To be sure, Osaka’s campaign over the last fortnight was made even more scintillating by the quality of the opposition. The year had hitherto been good for her, with a coaching change spurring her 49-spot rise to 19th in world rankings heading into the US Open. Still, her immediate past showing gave little indication she would do extremely well at Flushing Meadows; appearances in Washington, Montreal, and Cincinnati highlighted her inconsistency and seeming lack of preparedness.

Once Osaka got going, though, there was to be no stopping her ascent. She lost a combined seven games in her first three matches prior to being tested in the Round of 32, and it was smooth sailing from then on.
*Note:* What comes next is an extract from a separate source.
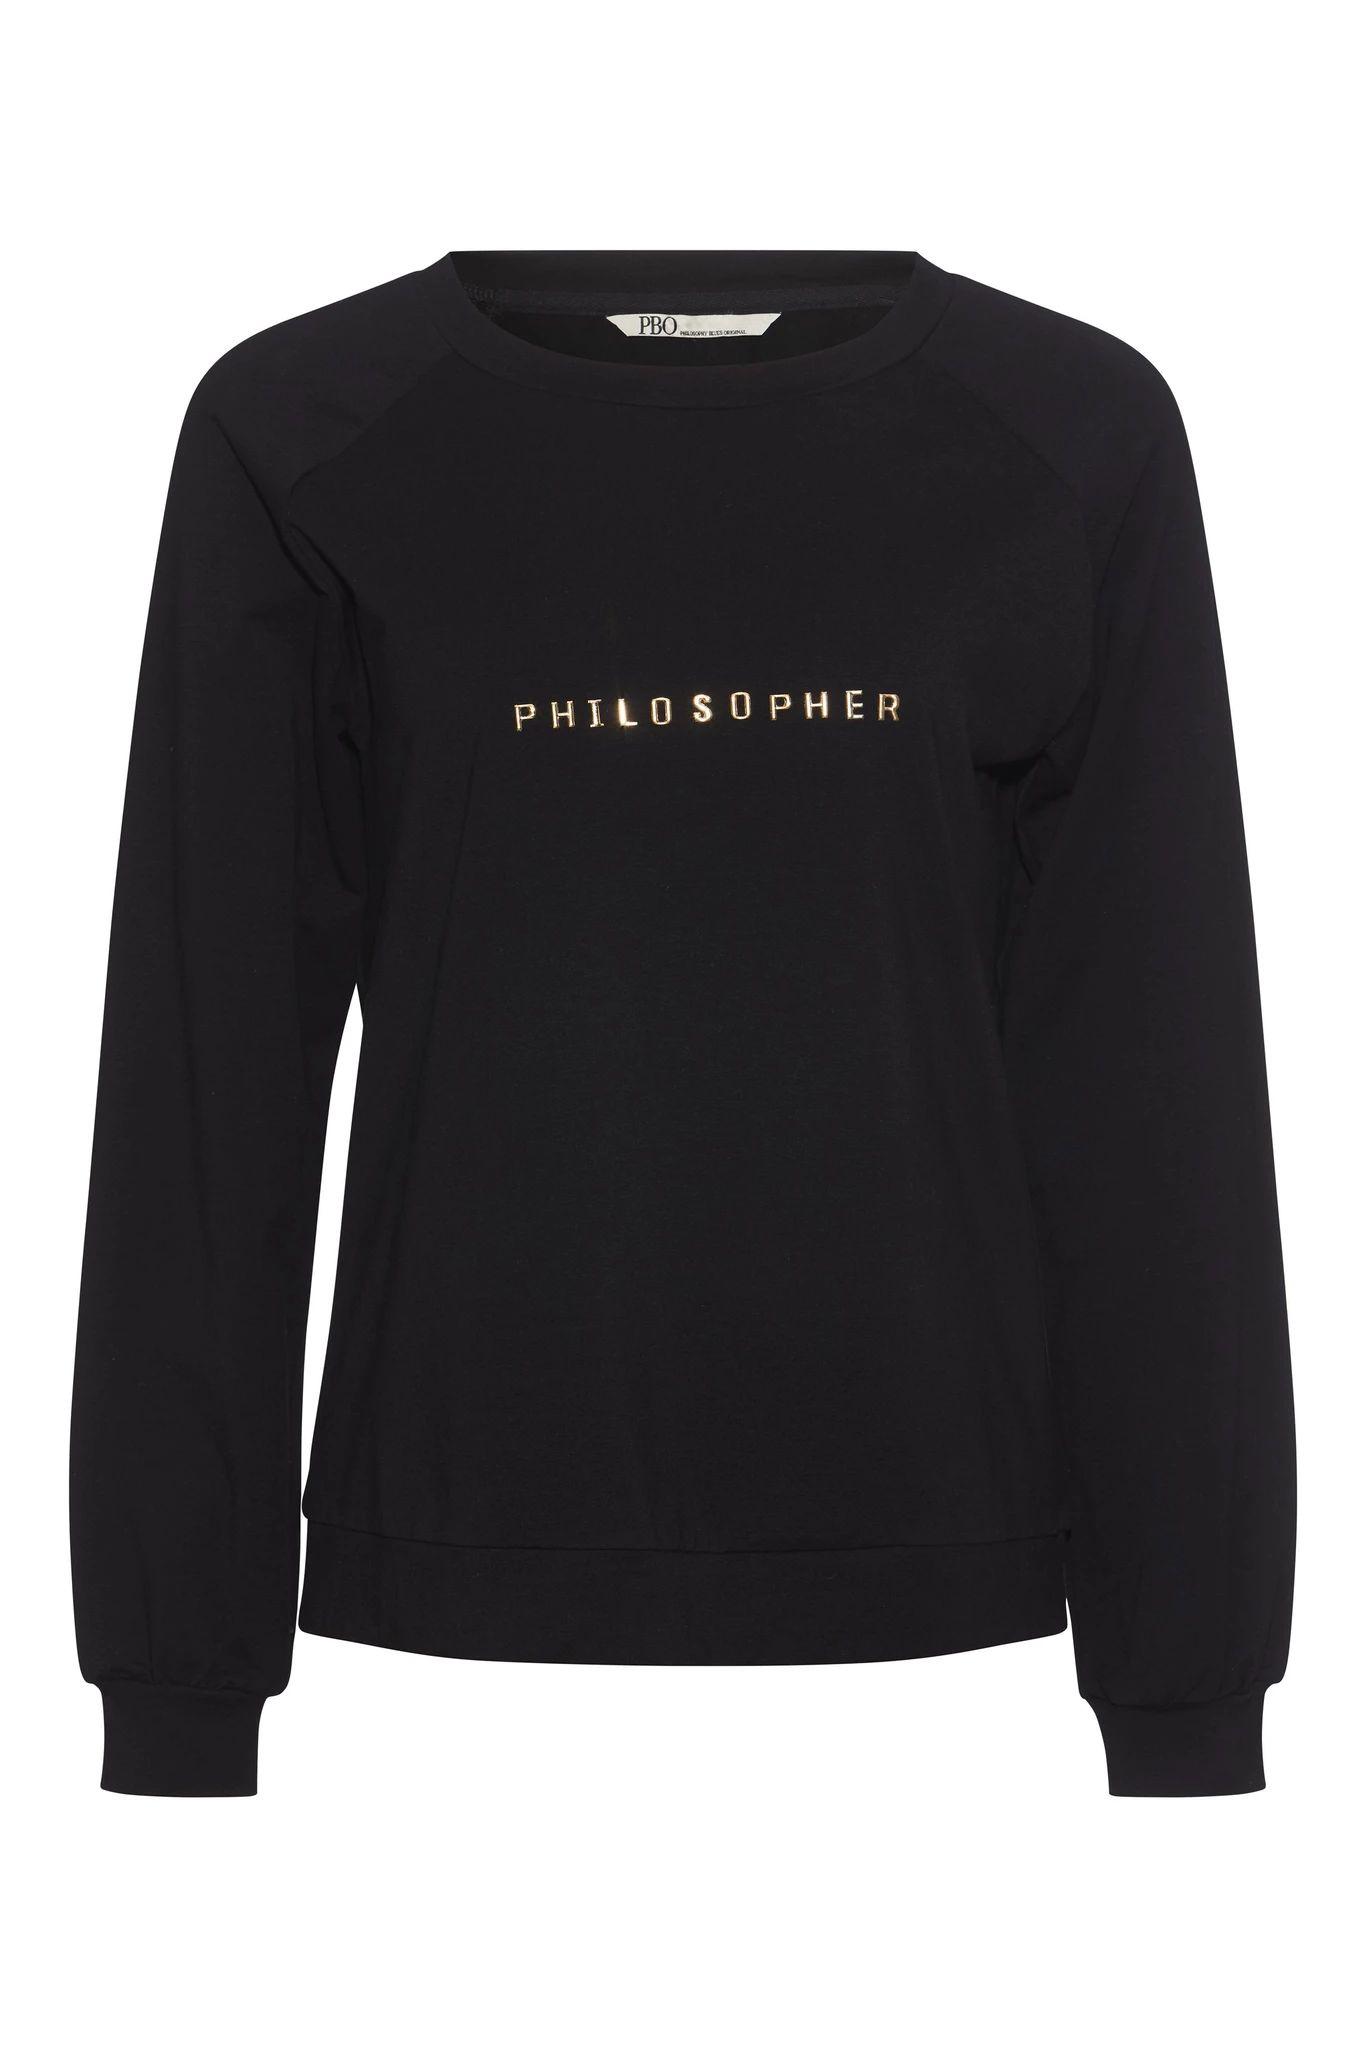 PBO 2391 Folsom sweatshirts, black, x-small

She certainly saved her best for last, with her booming serves and punishing groundstrokes holding Madison Keys and fellow finalist Serena Williams at bay and preventing them from winning more than half the games she took. And in her outstanding play, she figured she earned the cheers of otherwise-jaded spectators at the Arthur Ashe Stadium.
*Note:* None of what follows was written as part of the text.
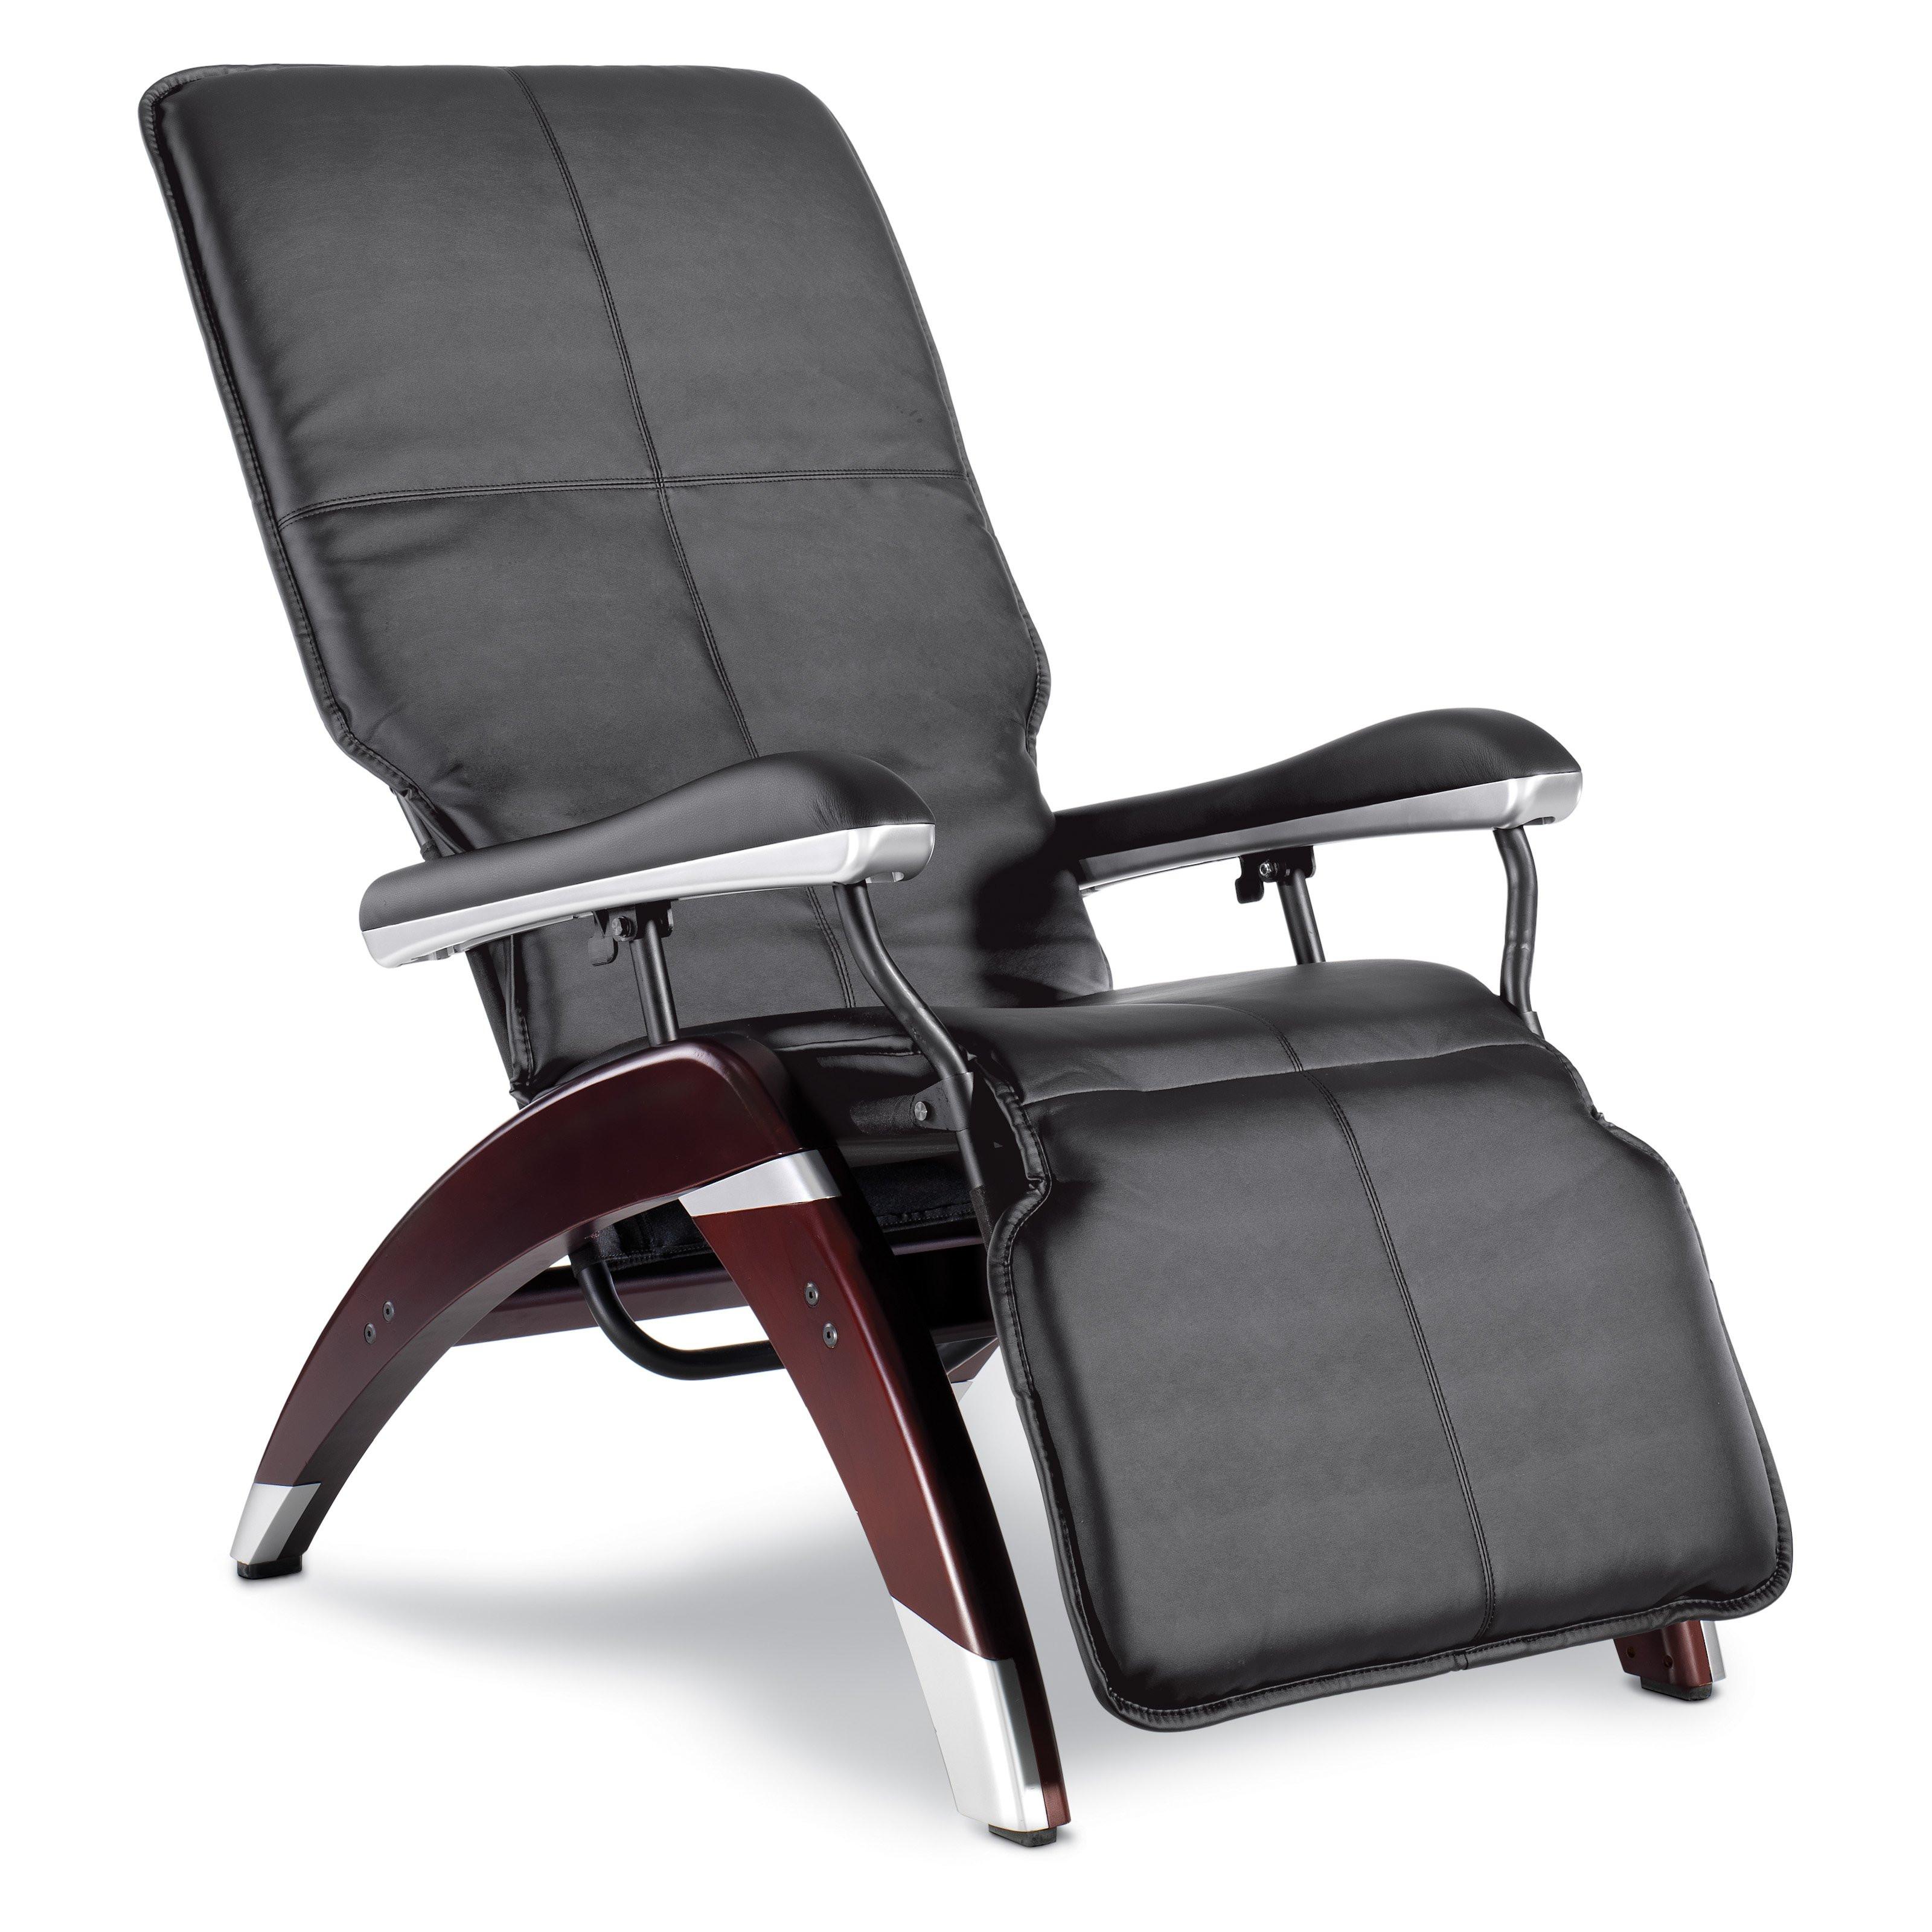 Best ideas about Indoor Zero Gravity Chair . Save or Pin Inner Balance Black Zero Gravity Chair ZG530 Indoor Now.

Instead, Osaka got boos and brickbats, leading to the highly unusual sight of the runner-up consoling the champion. True, she wasn’t the subject of derision; the ignominy belonged to Ramos. Then again, his poor judgment cast a pall on the proceedings — such that it will be recalled because of his lows and not of her highs. Not even Williams’ gracious concession and rightful admonition figure to be enough for the moment to be remembered with fondness and not disgust.

Still and all, Osaka has proven her worth. Before her 2018 campaign began, she publicly declared her intent to defeat idols Serena and Venus Williams and Maria Sharapova on the court. Now, she can say she did, and with her head held high. Yesterday, she appeared every bit the equal of her much-more-accomplished rival. The sport’s grandest stage did not make her wilt. And if her talent and resolve under the watchful eye of Sascha Bajin is any indication, she will be blooming still for some time to come.

 




Anthony L. Cuaycong has been writing Courtside since BusinessWorld introduced a Sports section in 1994.